═══ Data extract ═══
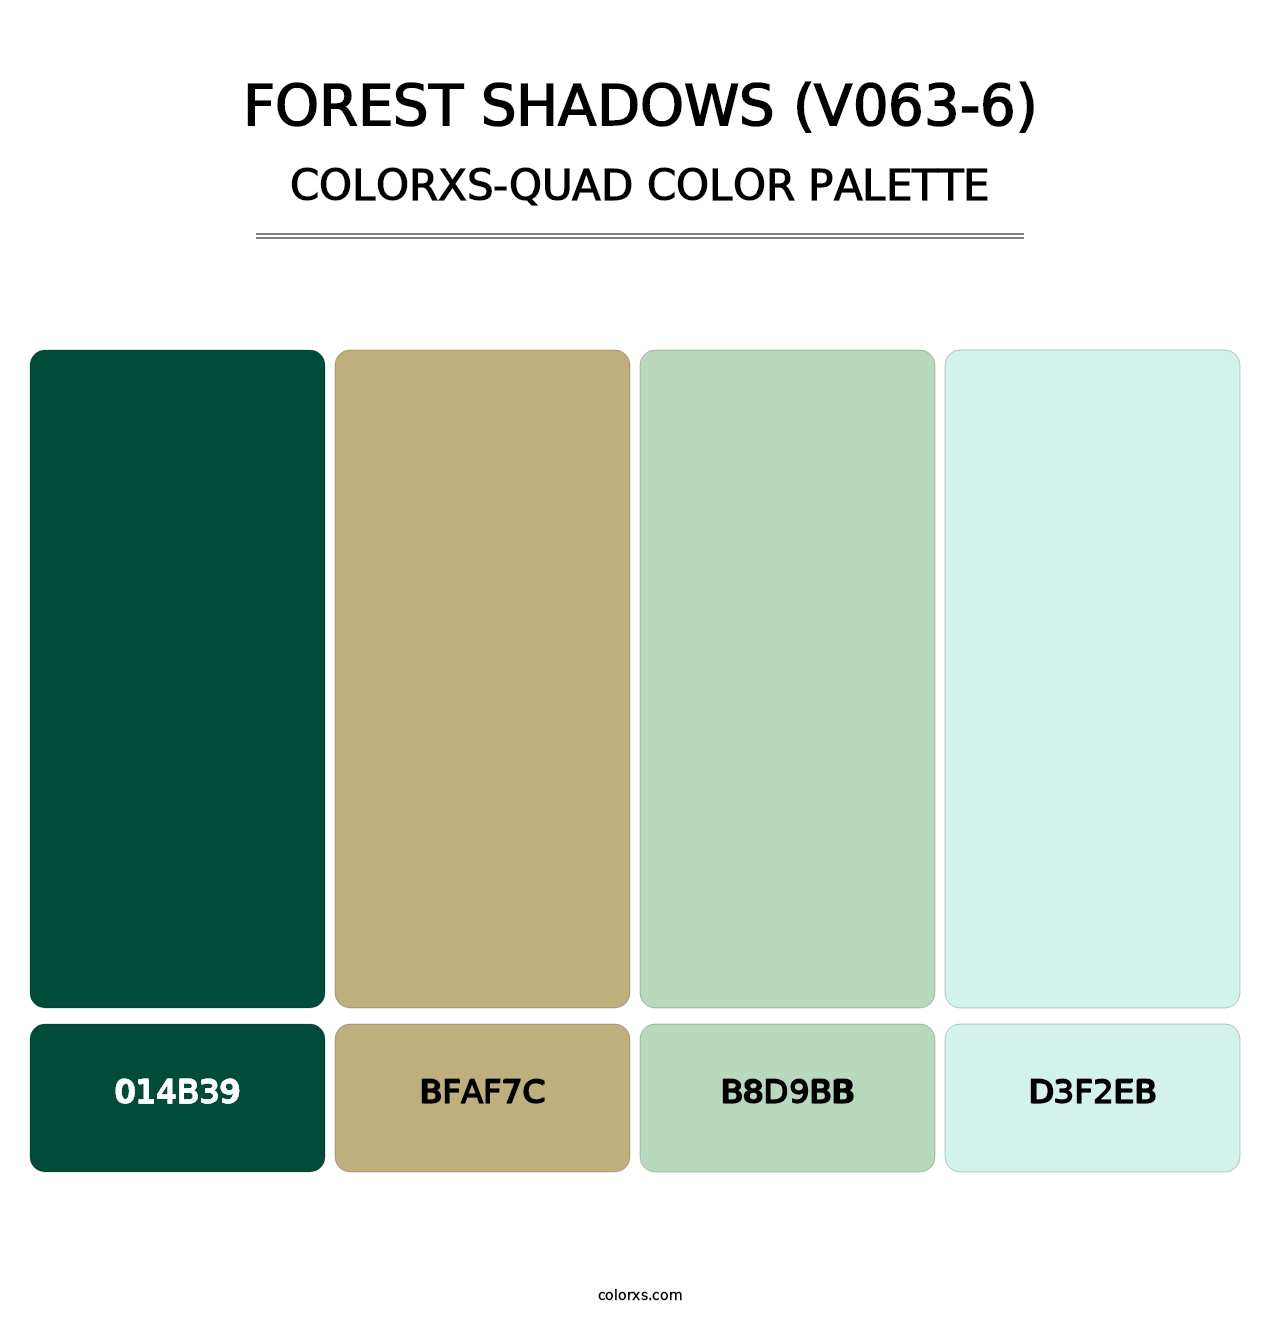 Forest Shadows (V063-6) - Colorxs Quad Palette
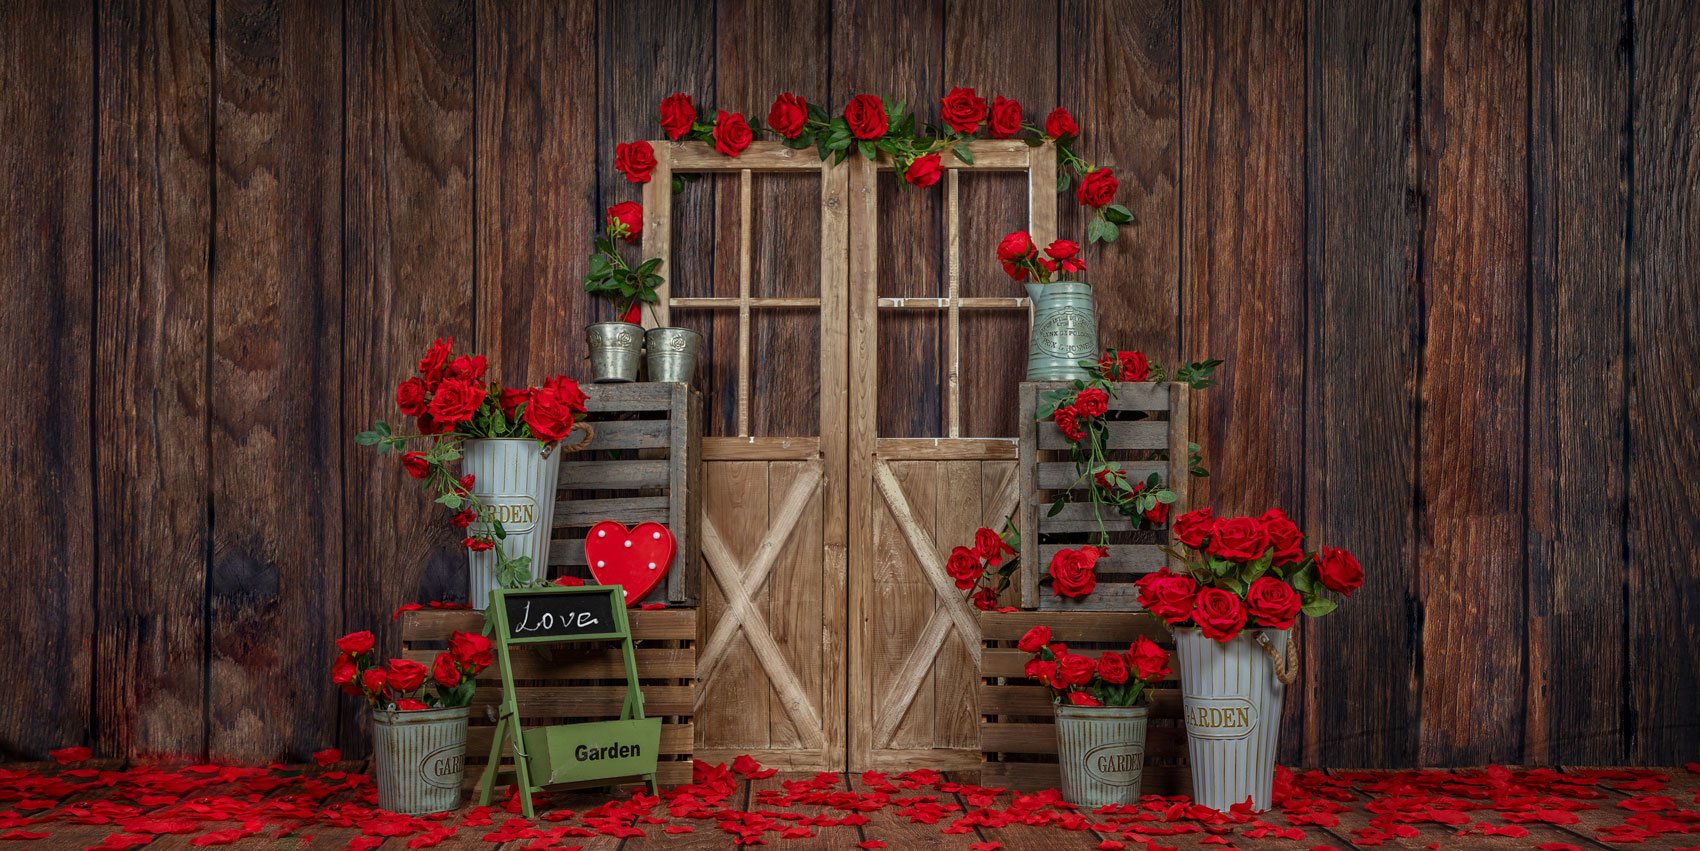 Kate Porte en bois Roses La Saint-Valentin Toile de fond conçue par Emetselch
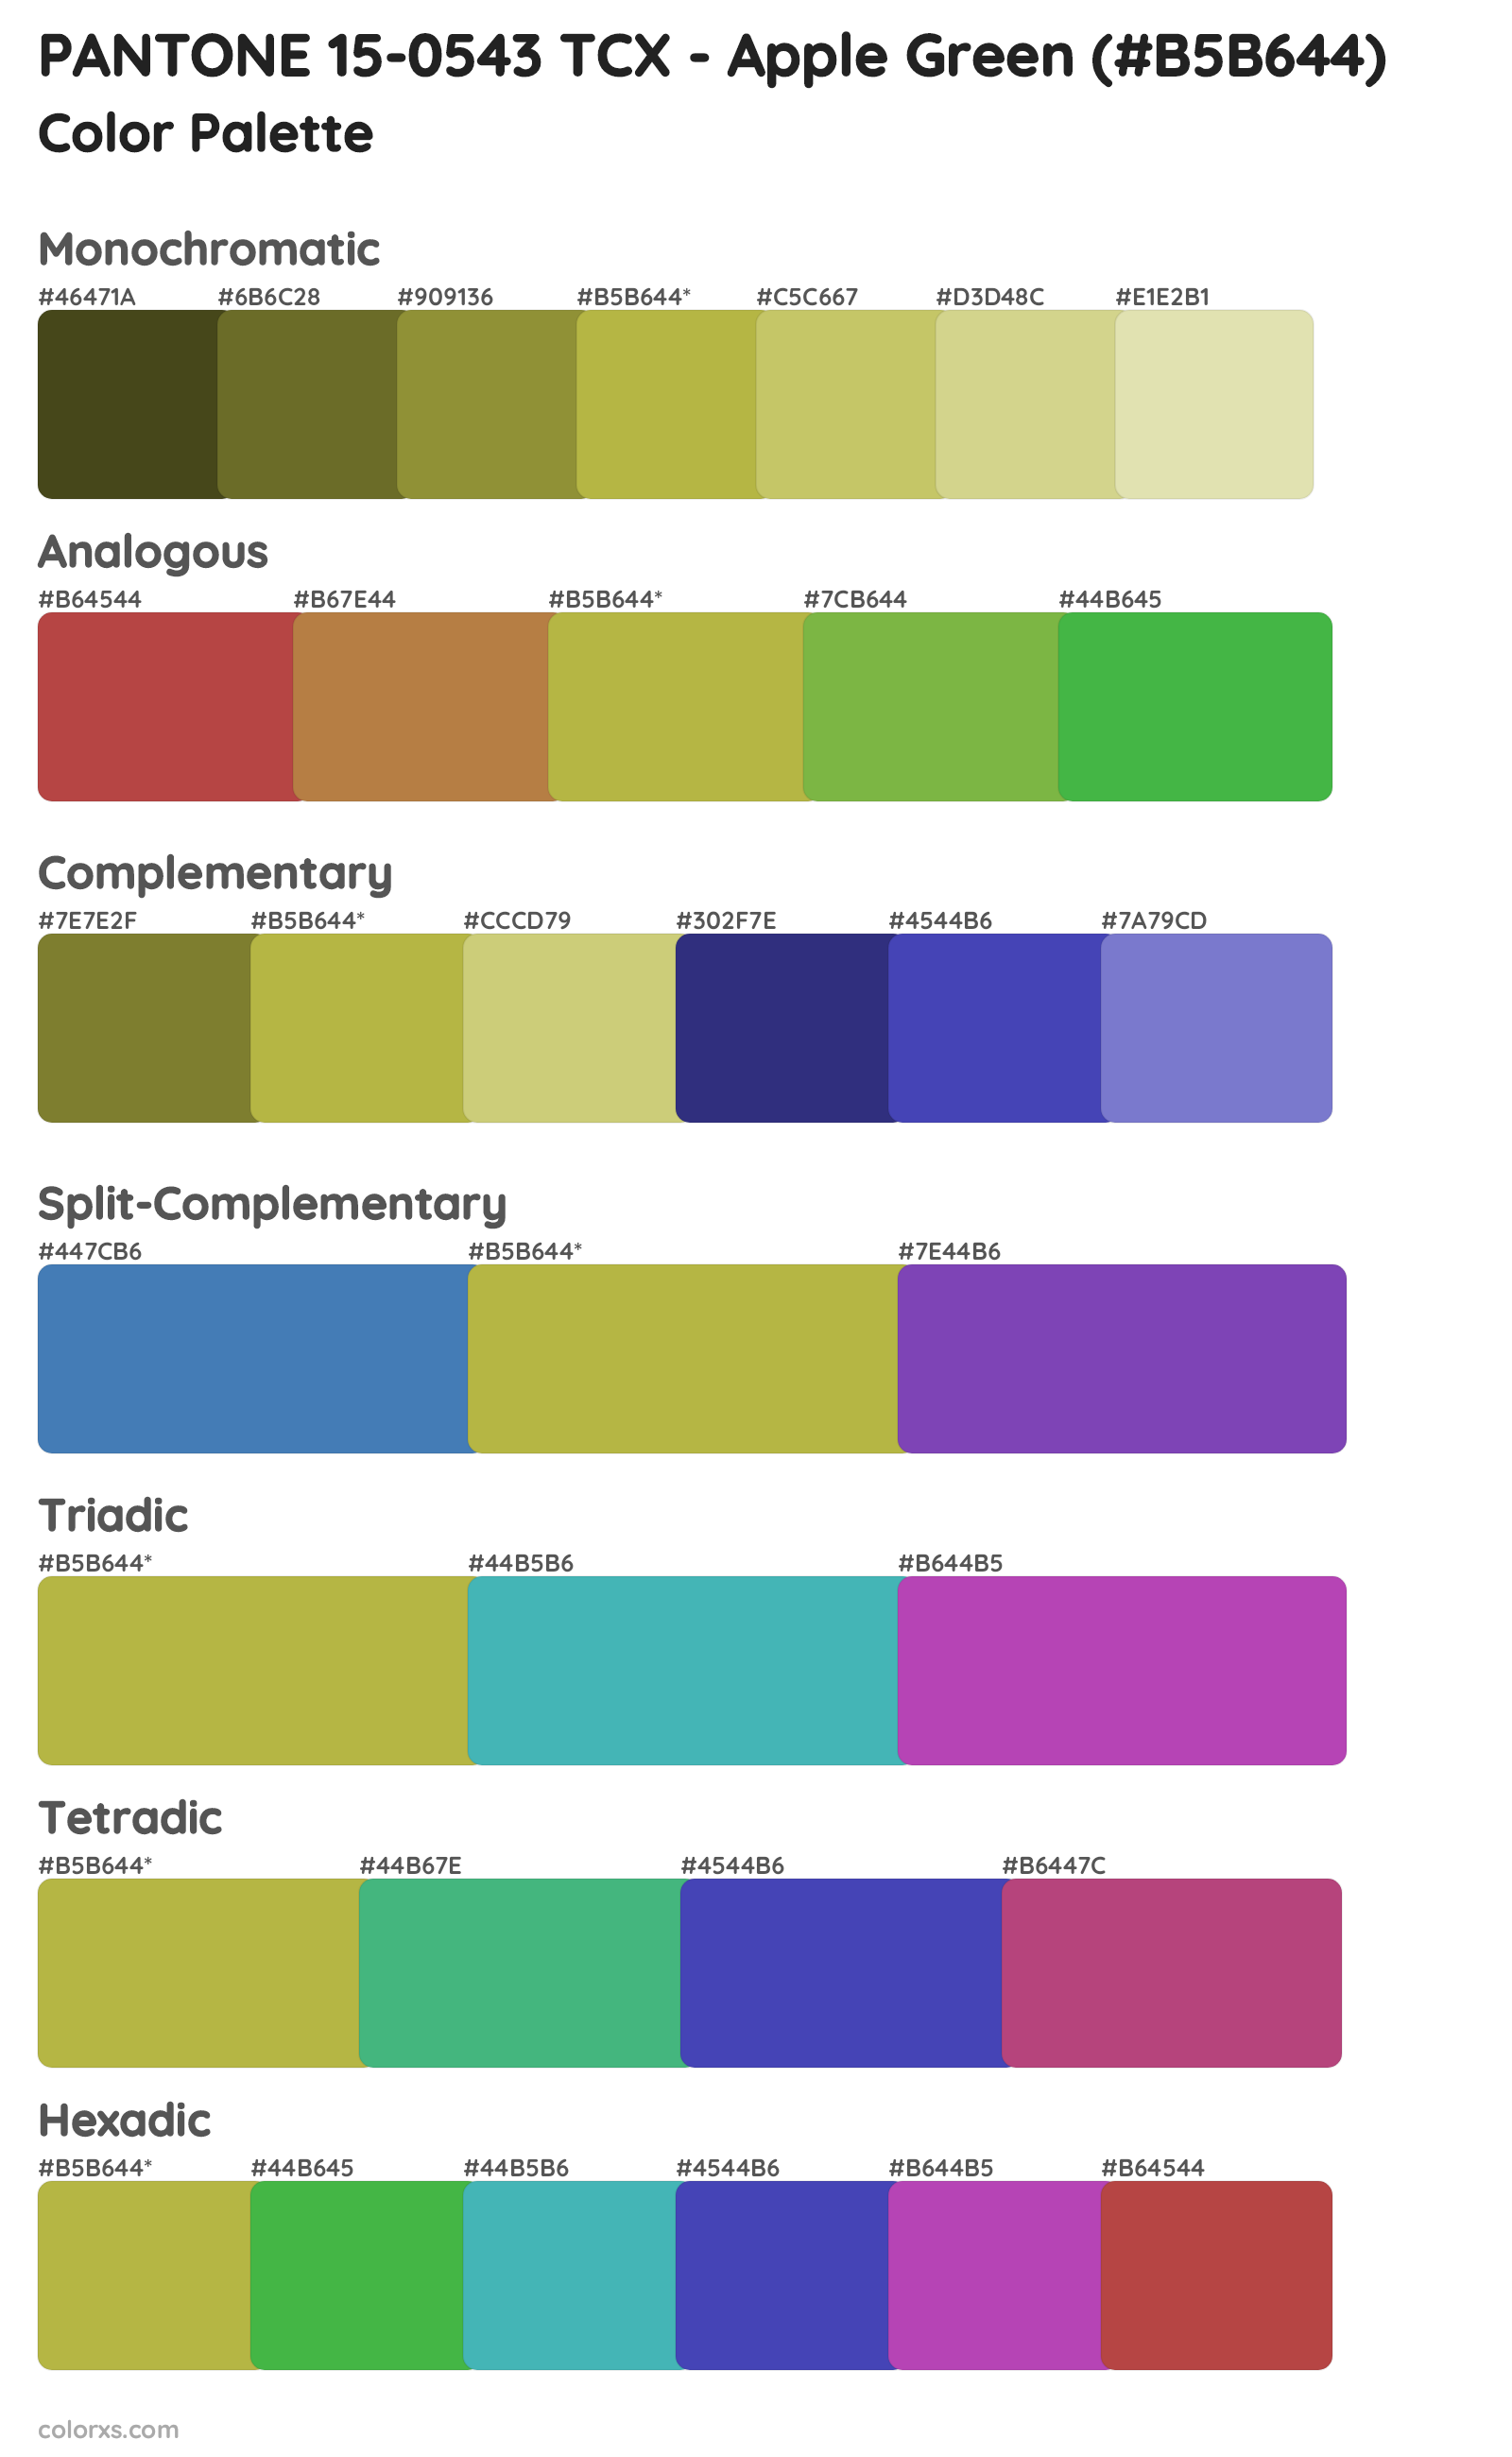 PANTONE 15-0543 TCX - Apple Green Color Scheme Palettes
═══
Description of the task:
Please give again only those lines that run from the one containing "Kate Porte en" through the final line of the listing, both included, exactly as written and without pictures.

Output:
 Kate Porte en bois Roses La Saint-Valentin Toile de fond conçue par Emetselch
 PANTONE 15-0543 TCX - Apple Green Color Scheme Palettes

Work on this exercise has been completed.